* ABOUT THIS TASK *
In the material below, the line holding "Xổ số miền Trung" and every line after it should be reproduced exactly, please, with pictures omitted.

* STORED DATA *

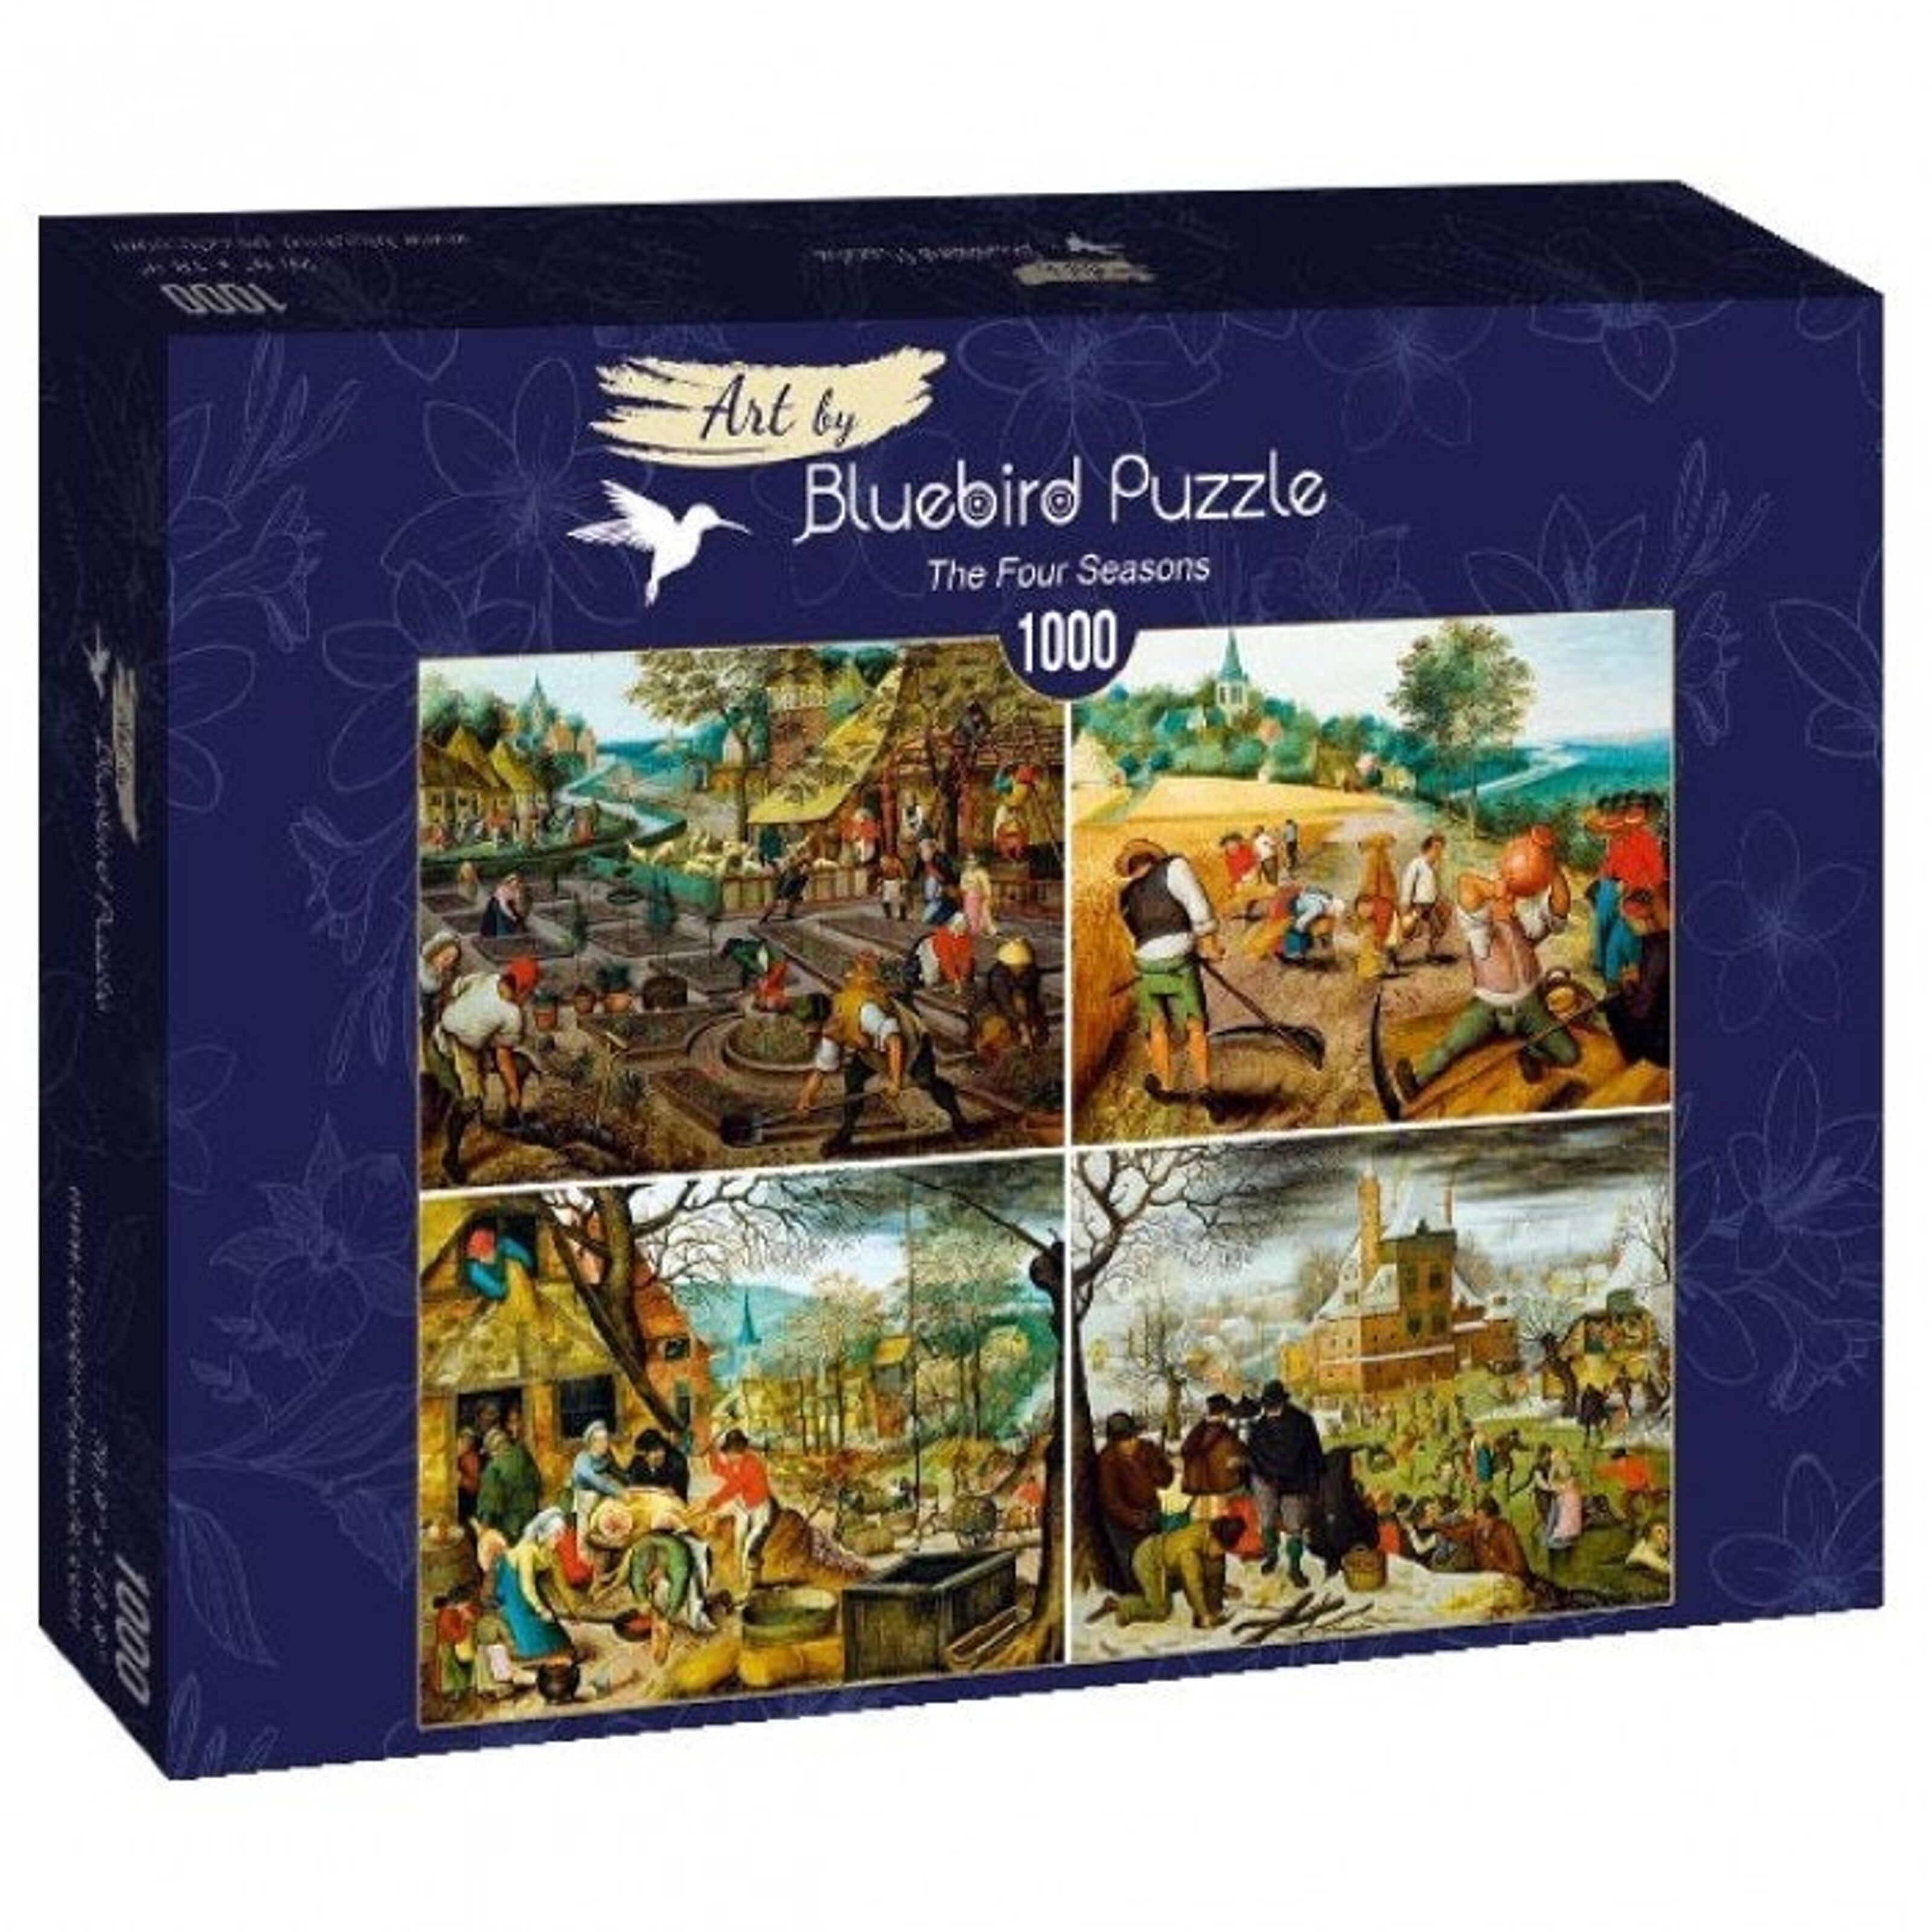 Puzzle 1000 pièces – Notre Dame Collage Educa : King Jouet, Puzzle
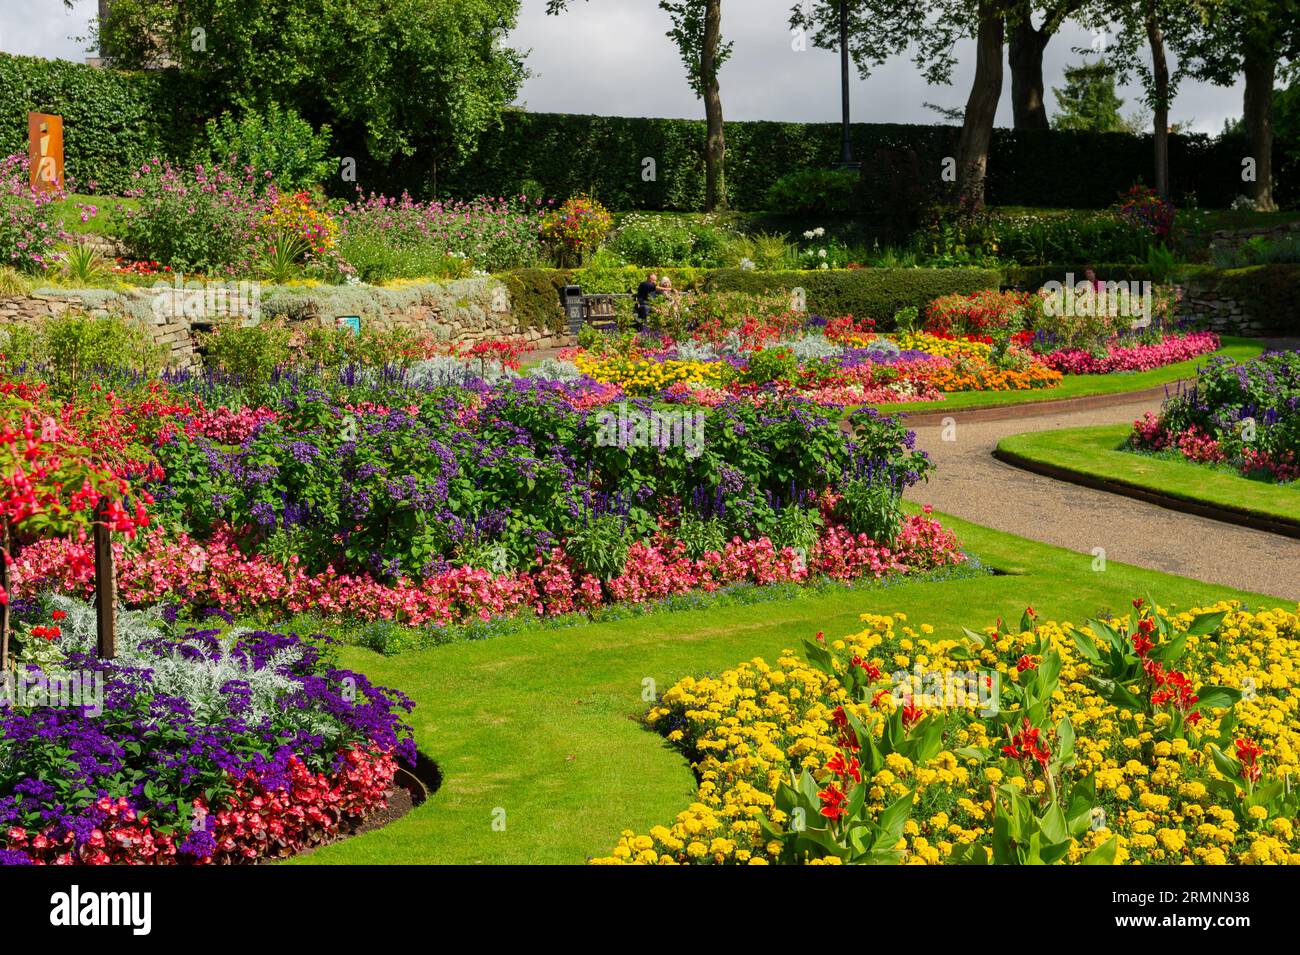 Vibrant Flower Gardens inside The Dingle at The Quarry, Shrewsbury, Shropshire, England Stock Photo
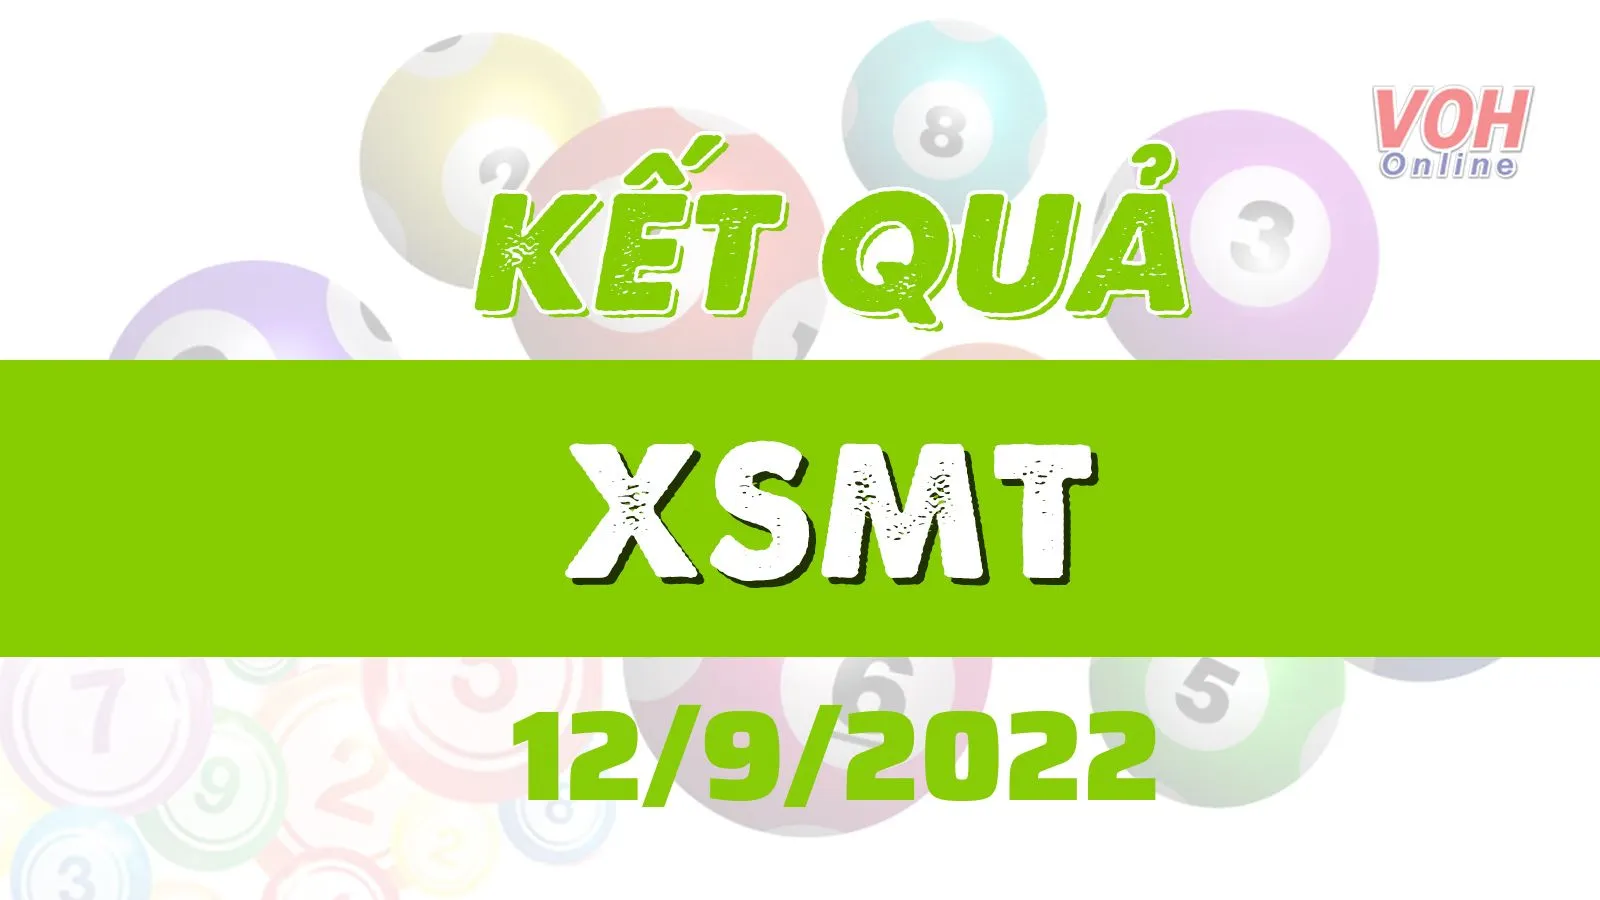 Xổ số miền Trung hôm nay, XSMT 12/9, SXMT 12/9/2022 - Kết quả xổ số ngày 12 tháng 9
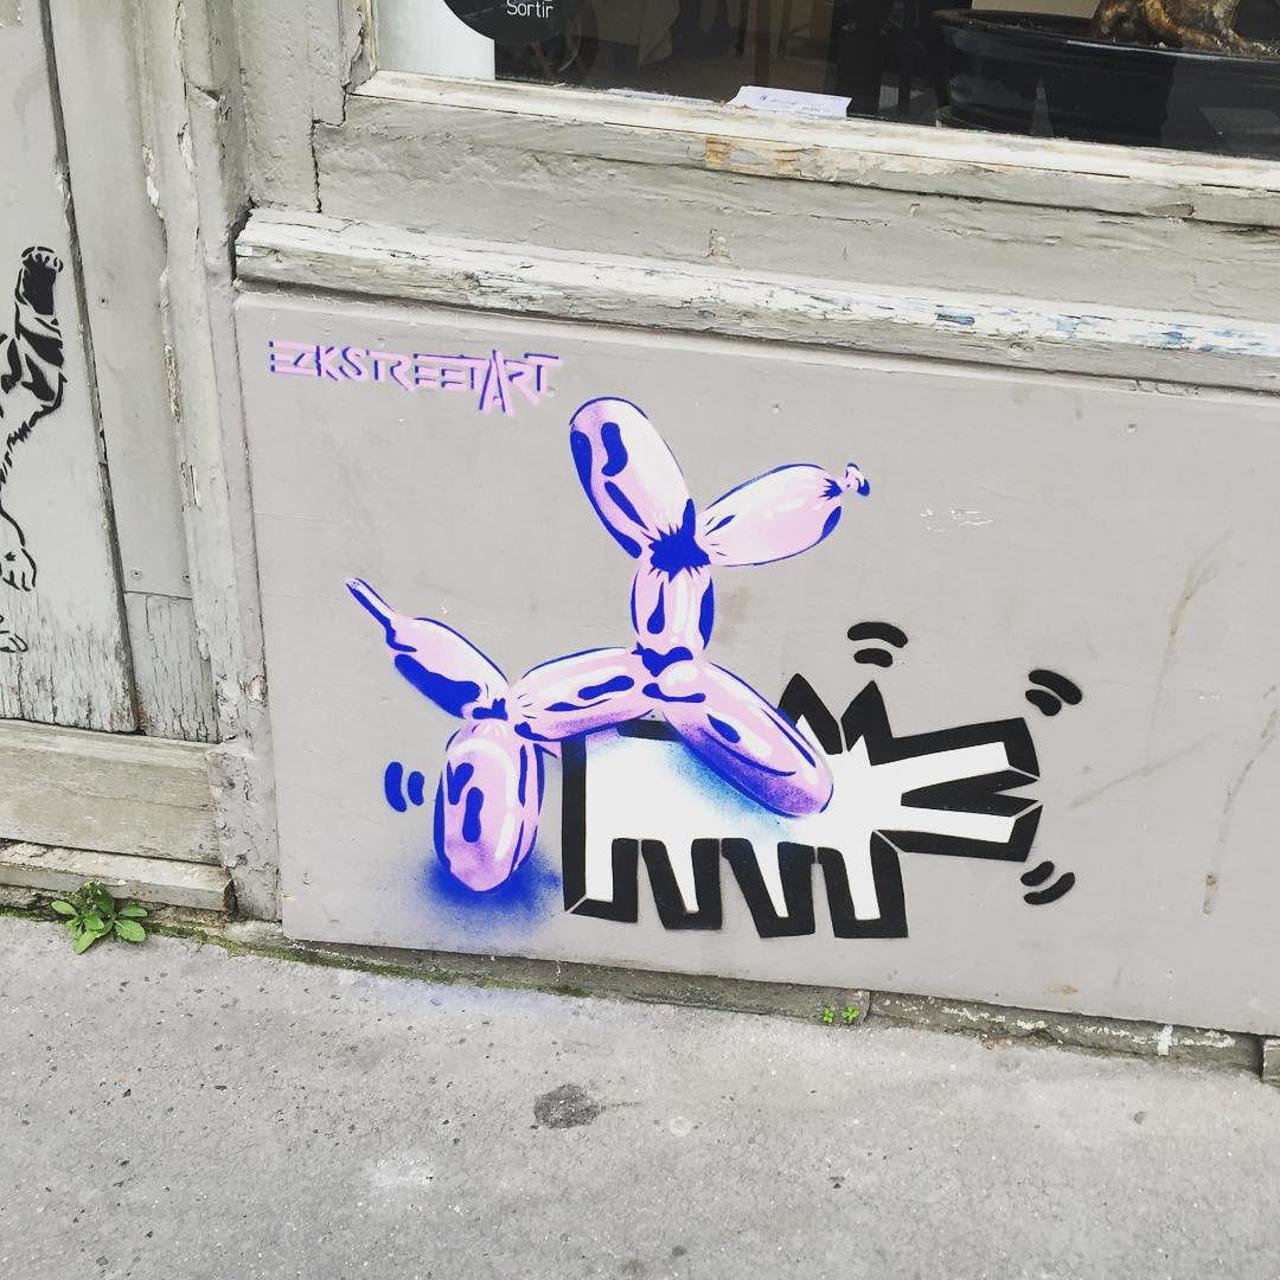 circumjacent_fr: #Paris #graffiti photo by lamoitieedeladaurade http://ift.tt/1ZOcPfP #StreetArt http://t.co/jQ9PnTLr8Q

* RESULT OF THE TASK *
 Xổ số miền Trung hôm nay, XSMT 12/9, SXMT 12/9/2022 - Kết quả xổ số ngày 12 tháng 9
 circumjacent_fr: #Paris #graffiti photo by lamoitieedeladaurade http://ift.tt/1ZOcPfP #StreetArt http://t.co/jQ9PnTLr8Q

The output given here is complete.